As Rudner explains, in Lau, the plaintiff worked as an account manager with the bank and met a client in his office in January 2012. The client directed Lau to make some changes to her investments. Lau processed the changes as “new money” rather than “retained money.” The client subsequently complained and the bank’s corporate investigation team became involved.

Lau asserted that while he had tracked the sale improperly, this was in accordance with the instructions of a colleague who had also attended the client meeting, and evidence showed this was a common practice within the branch, Rudner writes. Video evidence was not available at the hearing and there was some question regarding its reliability. 

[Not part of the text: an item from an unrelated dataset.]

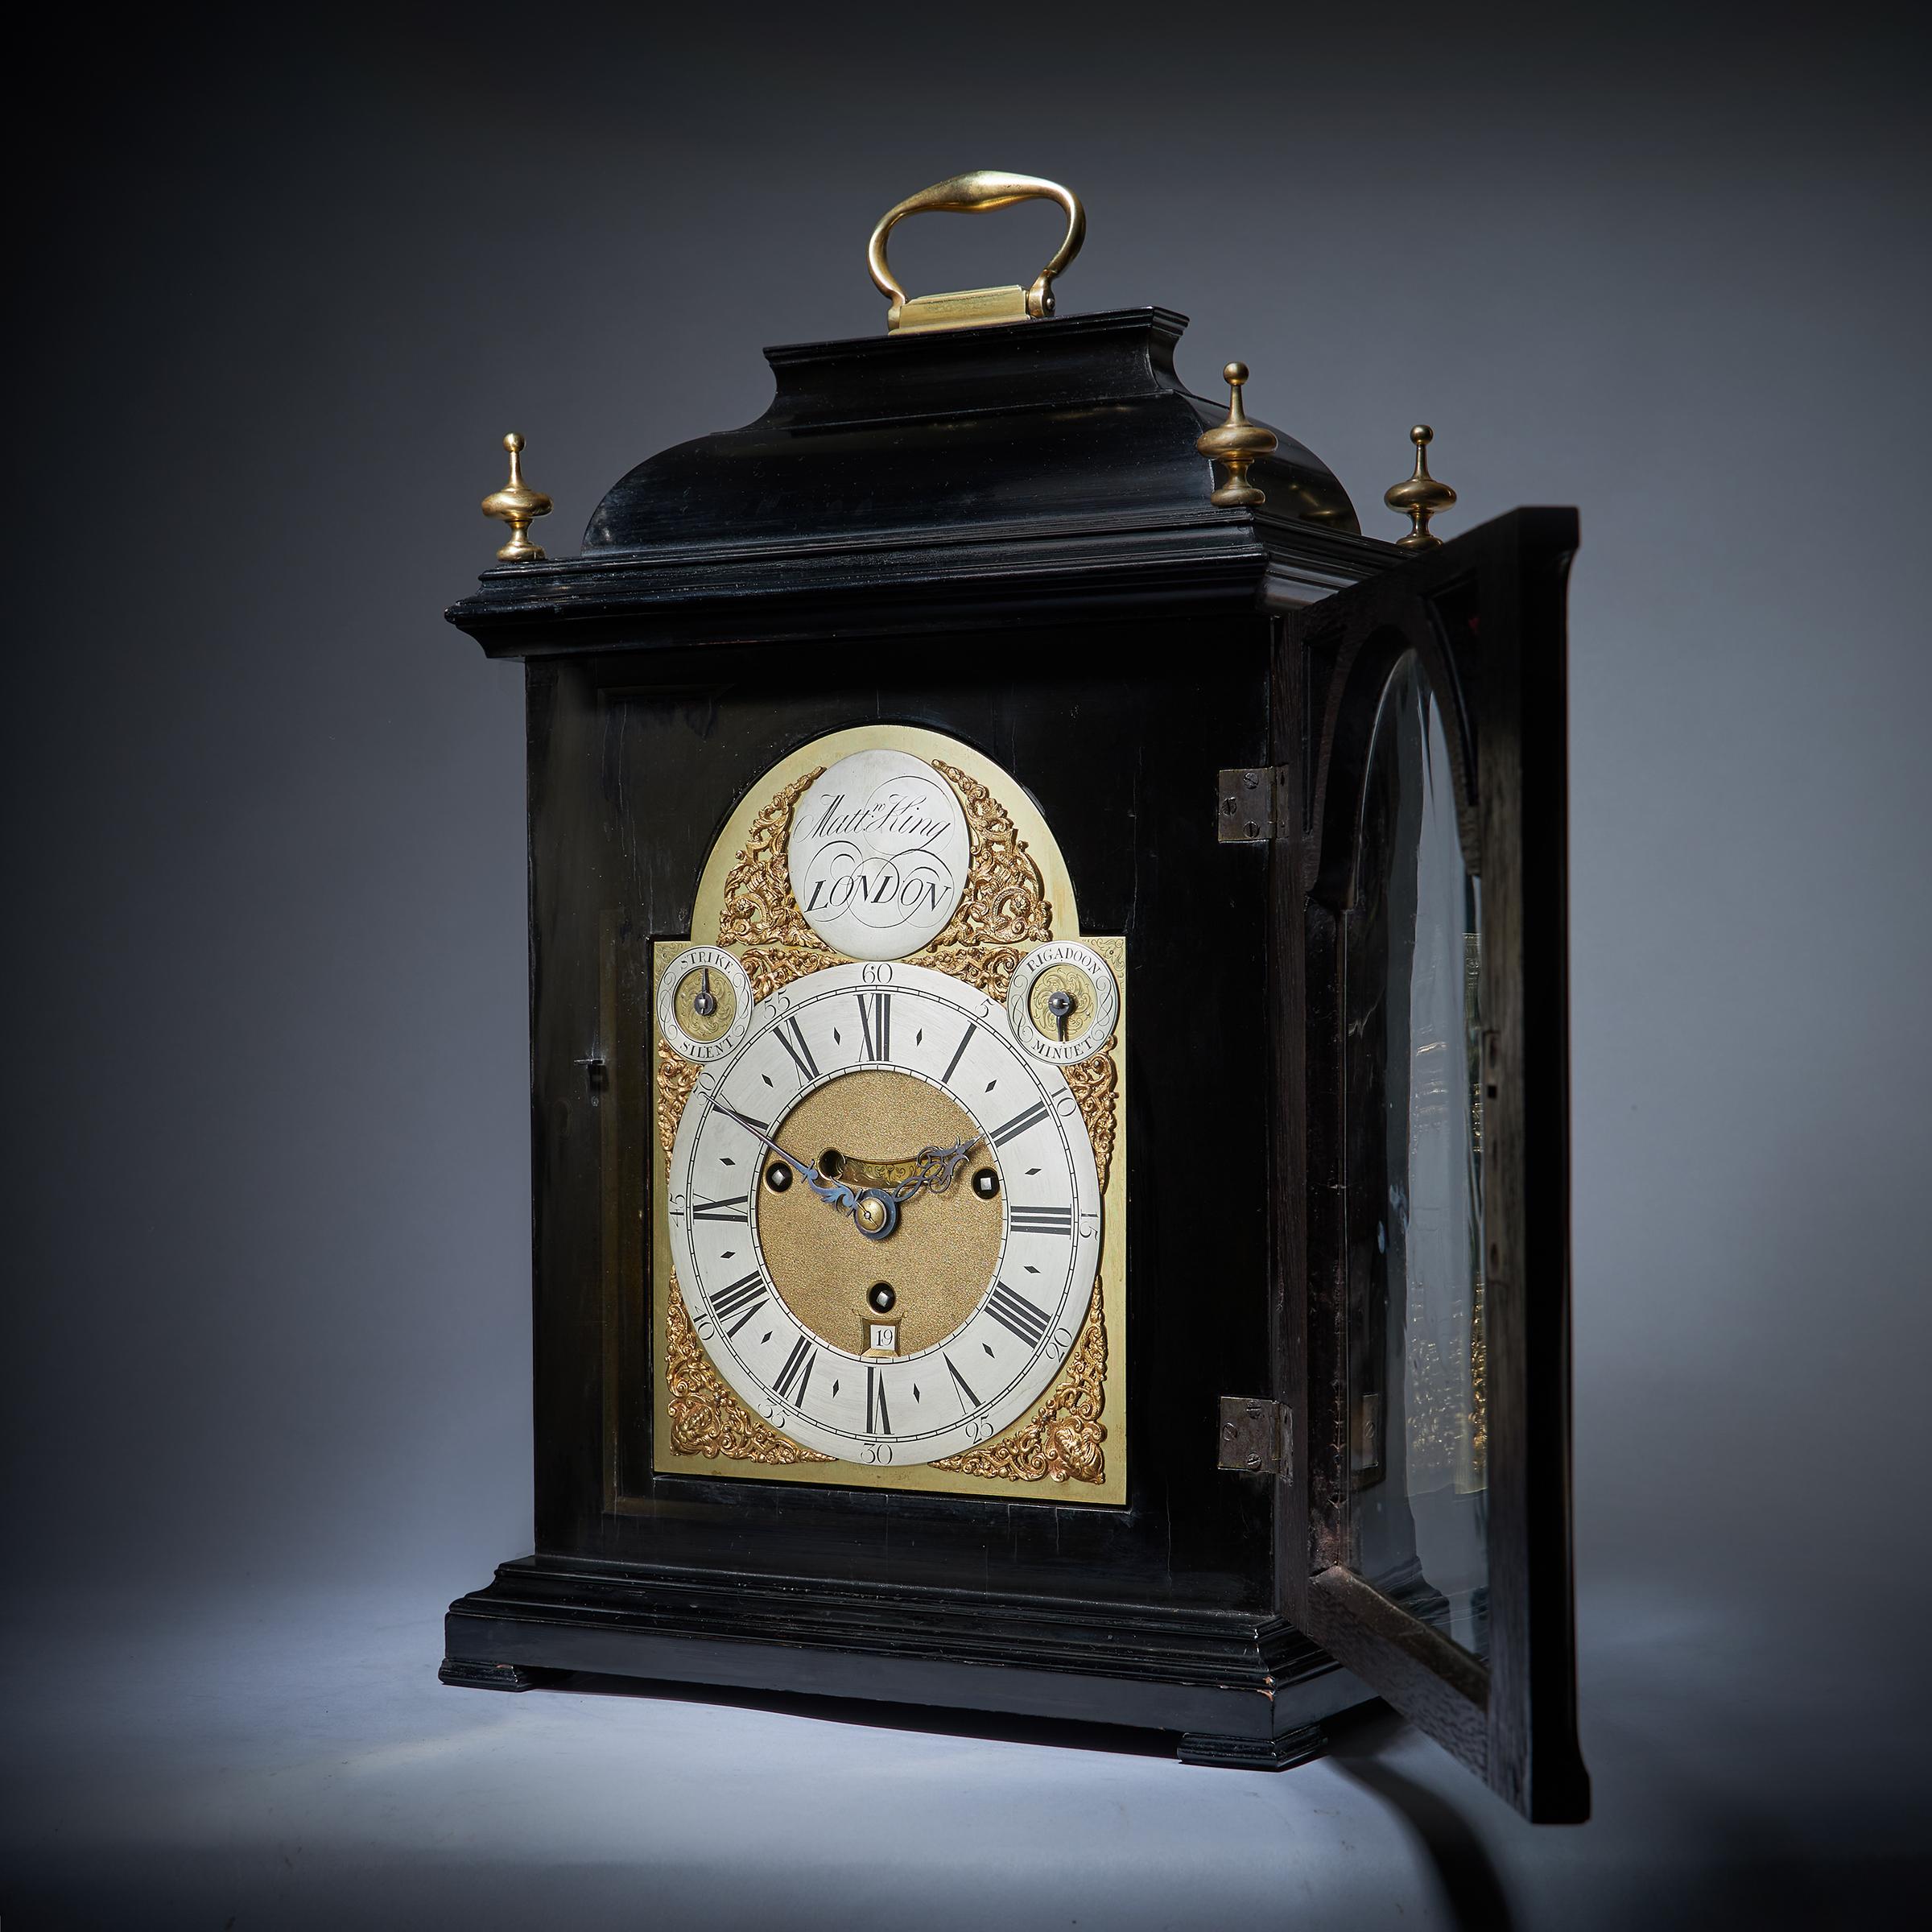 A Rare 18th Century George II Musical Table Clock by Matthew King, c. 1735. 2

The bank dismissed Lau for cause and filed a report with the Securities Commission stating that the dismissal was due to falsification of bank records and failing to tell the truth when questioned regarding an alleged joint session with a client.

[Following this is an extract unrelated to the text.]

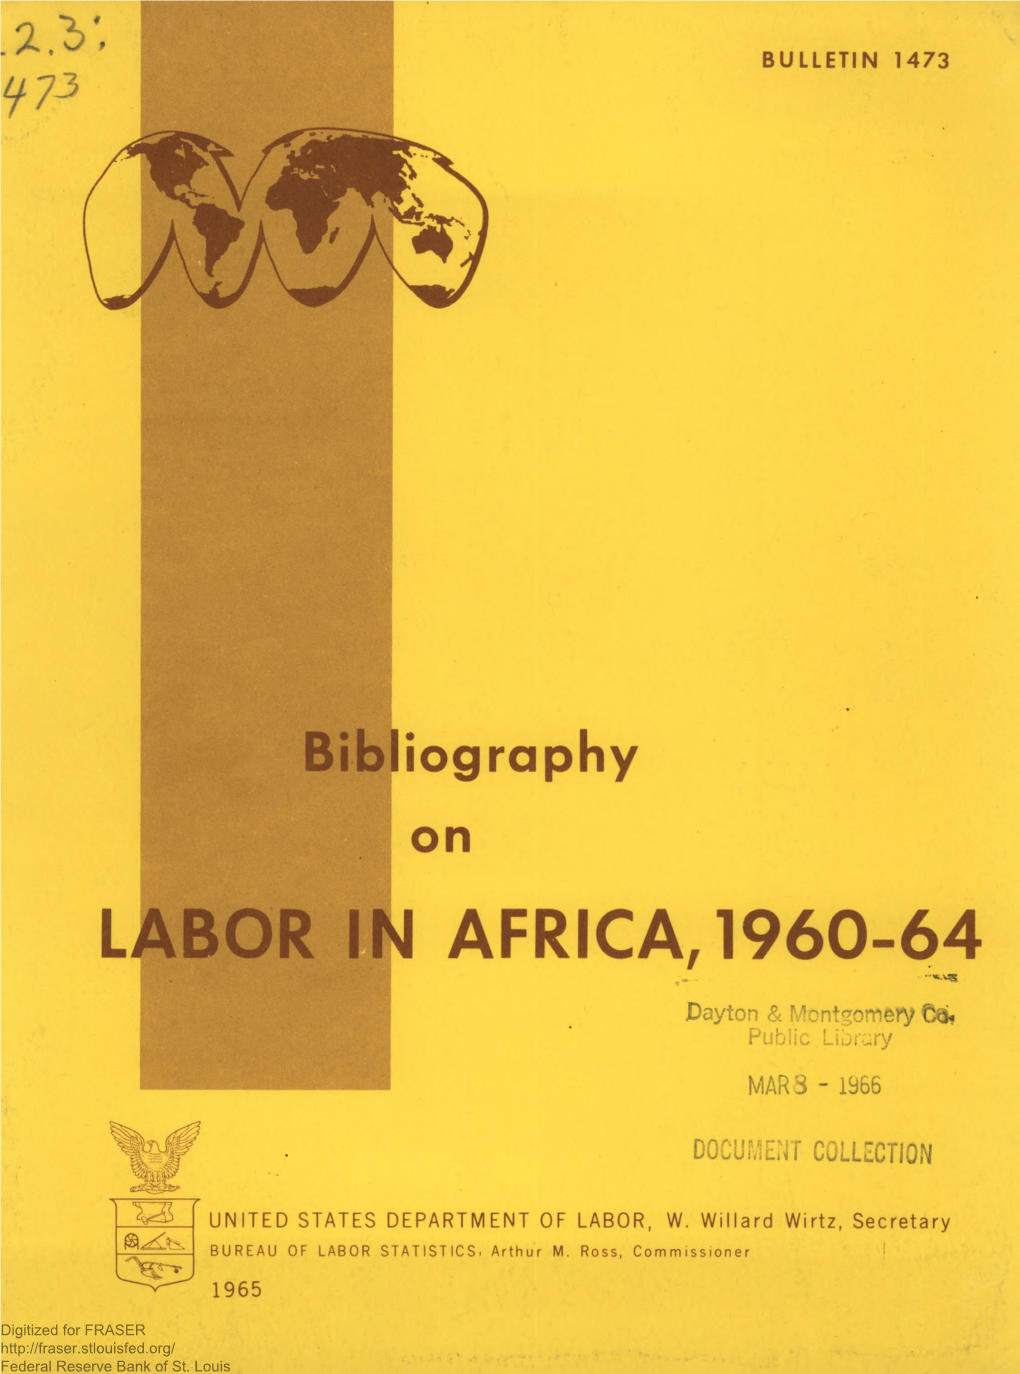 Bibliography on LABOR in AFRICA, 1960-64

However, Rudner writes: “The B.C. Supreme Court did not find that there was just cause for dismissal. As often discussed, courts will take a contextual approach and consider all relevant factors. In this case, two factors in Lau’s favour were his immediate acknowledgment of wrongdoing and his previously clean record. The questionable investigation was also a significant factor.”

The court identified a number of failings in the bank’s investigatory process, including that video surveillance footage was inconclusive and not available at trial and Lau was never given an opportunity to view the video.

In addition to damages for pay in lieu of notice (severance), the court awarded Lau an additional $30,000 in aggravated damages. The bank also had to pay legal costs.

“As a result, this was a costly lesson and a reminder for all employers: Ensure that any alleged misconduct is investigated fairly before dismissal. Summary dismissal is not often ‘rubber stamped’ by our courts; While I often assure employers that ‘just cause is not a lost cause’, the threshold for establishing it is high,” writes Rudner.